1. Nancy Selvin was born on 1943 and is an American sculptor, recognized for ceramic works and tableaux that explore the vessel form and balance an interplay of materials, minimal forms, and expressive processes.

1. Nancy Selvin was born on 1943 and is an American sculptor, recognized for ceramic works and tableaux that explore the vessel form and balance an interplay of materials, minimal forms, and expressive processes.
Nancy Selvin emerged in the late 1960s among a "second generation" of Bay Area ceramic artists who followed the California Clay Movement and continued to challenge ceramic traditions involving expression, form and function, and an art-world that placed the medium outside its established hierarchy.
Nancy Selvin's work has been exhibited at the Los Angeles County Museum of Art, Denver Art Museum, Daum Museum of Contemporary Art and Kohler Arts Center, and belongs to the public art collections of LACMA, the Smithsonian Institution, Oakland Museum of California, and Crocker Art Museum, among others.
Nancy Selvin studied painting and drawing at University of California, Riverside, and turned to ceramics after taking lessons in Iowa in 1966, where she and her husband lived during his graduate studies.
In 1985, Nancy Selvin built a warehouse-like, 1,500-square-foot studio in West Berkeley out of corrugated metal and salvaged materials.
Nancy Selvin continued to show throughout the United States, in featured exhibitions at the Richmond Art Center, Charleston Heights Art Center, Daum Museum of Contemporary Art, and Baltimore Clayworks, as well as major group shows at LACMA, the de Saisset Museum, Ruth Chandler Williamson Gallery, and Society for Contemporary Craft.
Nancy Selvin taught ceramics at several institutions, including State University of New York-Albany, and later, California College of the Arts, beginning in 2007.

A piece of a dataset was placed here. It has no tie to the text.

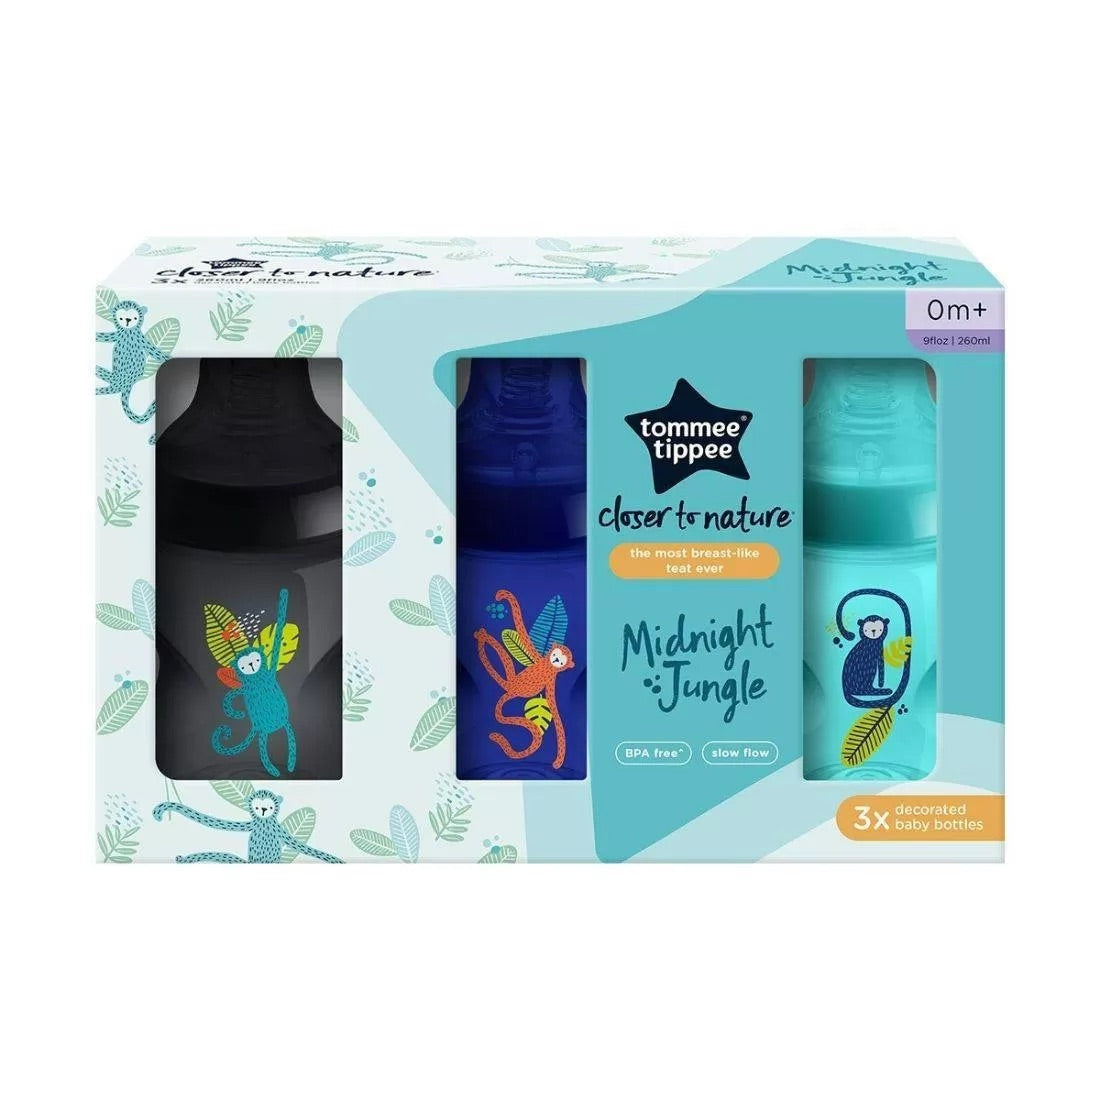 Tommee Tippee Closer to Nature Bottles Midnight Jungle Kit | Blue (0m+) Pack of 3
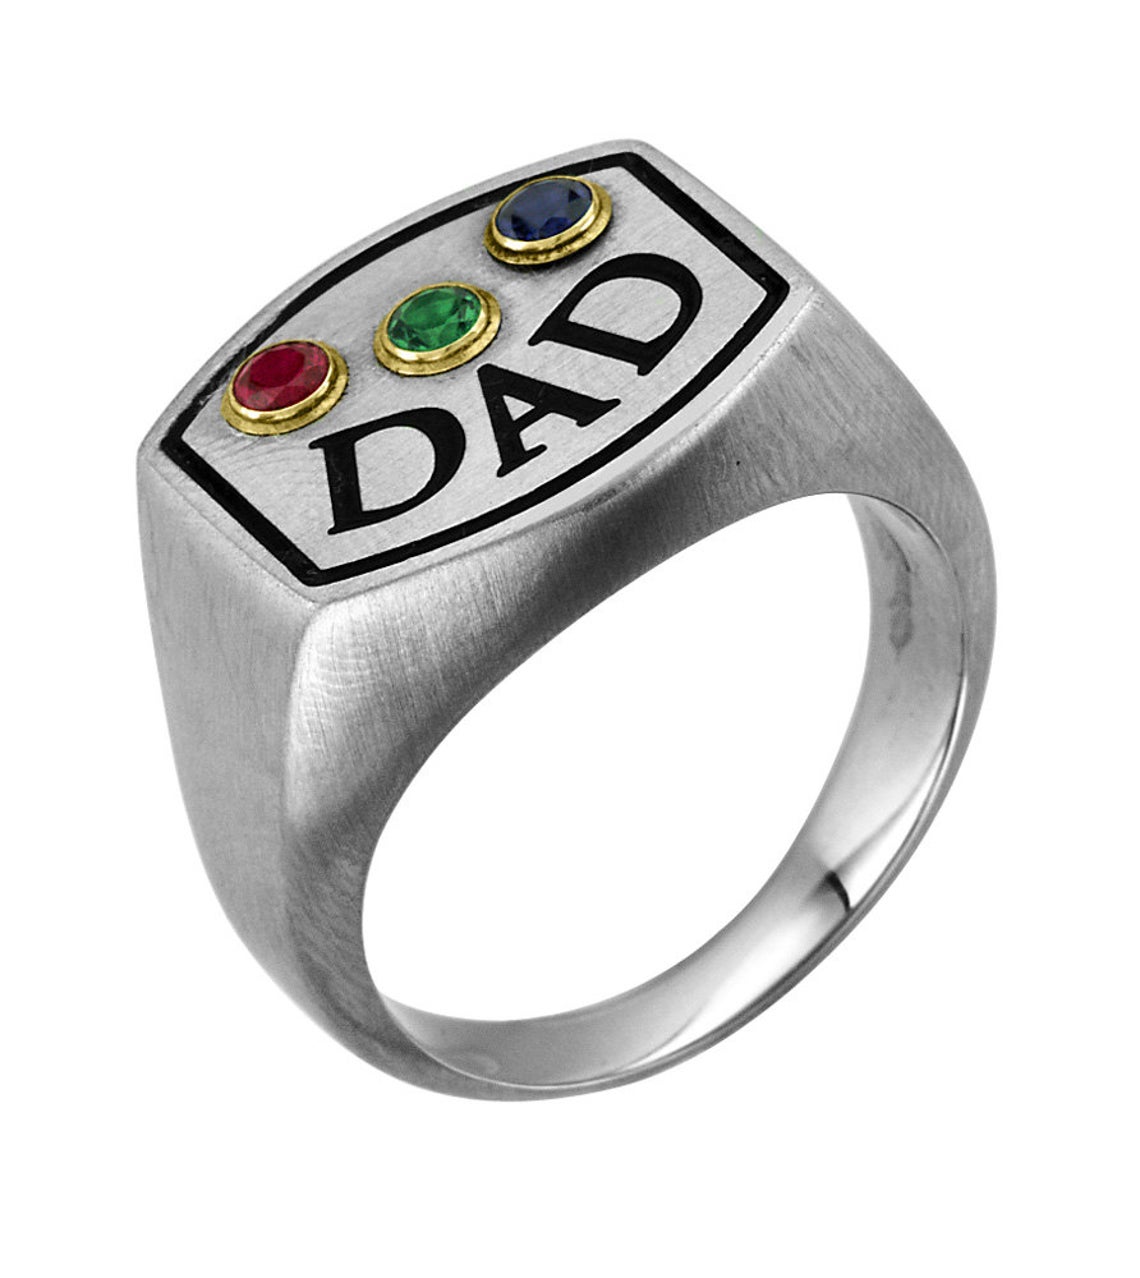 Men's "DAD" Ring in Stainless Steel With Three Personalized Birthstones

Nancy Selvin's art has included intimate, domestic-related ceramic pieces and still lifes, more expansive mixed-media tableaux, and large-scale outdoor installations.
Nancy Selvin arranged them on ledges, double-sashed wood windows and custom tables made from building-supply materials that she treated as equal design components.
Nancy Selvin painted her forms loosely with underglaze, in order to explore color apart from form and to meld color and texture.
Nancy Selvin has produced large, abstract gouache-on-paper drawings that critics describe as luminous, textured with scratches, smears and blotches, and simultaneously simple and monumental.
Nancy Selvin's work belongs to the public art collections of many institutions, including the LACMA, Smithsonian Institution, Oakland Museum, American Museum of Ceramic Art, Arkansas Arts Center, Crocker Art Museum, Daum Museum of Contemporary Art, Everson Museum of Art, Kohler Arts Center, Mint Museum, The Prieto Collection at Mills College, Racine Art Museum, and University of Iowa Stanley Museum of Art.
Nancy Selvin has been awarded fellowships from the California Arts Council and National Endowment for the Arts and has received an UrbanGlass First Prize, Westwood Ceramic National Purchase Award, and California Craftsman Award, among honors.
Nancy Selvin is a member of the International Academy of Ceramics in Geneva, Switzerland.